The rearranging went quite nicely; better actually than both of us expected. It feels good to walk in the bedroom. We now have a corner with nothing in it. No other room in our house feels this spacious. I like the zen of it, the minimalist feel. The expanse of space in there feels good. It feels like the title of an essay I read for my Monday night class this week - "The Solace of Open Spaces" by Gretl Ehrlich. There is solace in the void. She went west to get away from things. She discovered herself out on the open range. She found the spaces within herself a solace.

My room feels as though the space is waiting for something. More change. More - something. It is going to stay empty for awhile. I'm tired of more. Aren't all of us? We have so much. Let it be. A phrase from Erlich's story comes to mind, "our affluence is strangling us." One of the biggest real estate booms right now is in storage units. Americans have so much stuff we have to buy space just to hold it. Space really is the final frontier. We want to fill it up with our stuff. Change it. Rearrange it. Fill'er up.

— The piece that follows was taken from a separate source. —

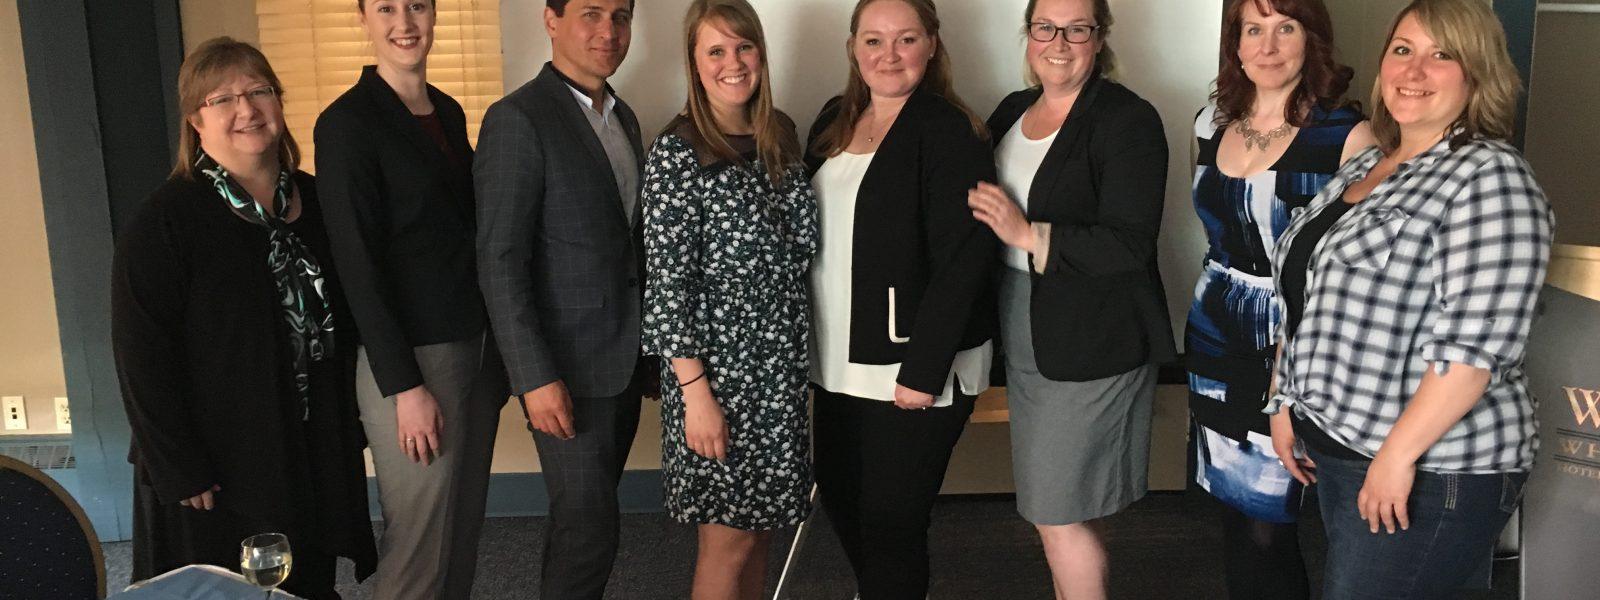 Welcoming our 2018-2019 Board Members

Writing my piece About Me for class this week, looking back, reflecting on my history, life has been nothing but change. Loss, movement, rearranging. A lot is being said these days about change. Change is in the air. We are ready for change. Change is on its way. It's unusual to hear these phrases bandied about, because for most of my life I've often heard just the opposite. That people don't like change. Changes are scary they say. People like to keep things as they are. I work at a company that likes to change, mix things up, "reorg" they call it. People get nervous. I ask why be nervous? Change is coming, they'll say. I stop and wonder about the fear of change. Me? I don't remember life ever being void of change.

Change is healthy. Rearranging clears the cobwebs and the dust angels. It brings a fresh perspective. I woke up in my rearranged bedroom this morning, peering out in the darkness and still half asleep. Which way is the bathroom? My mind had been trained for eight years to see things a certain way. It feels good to change.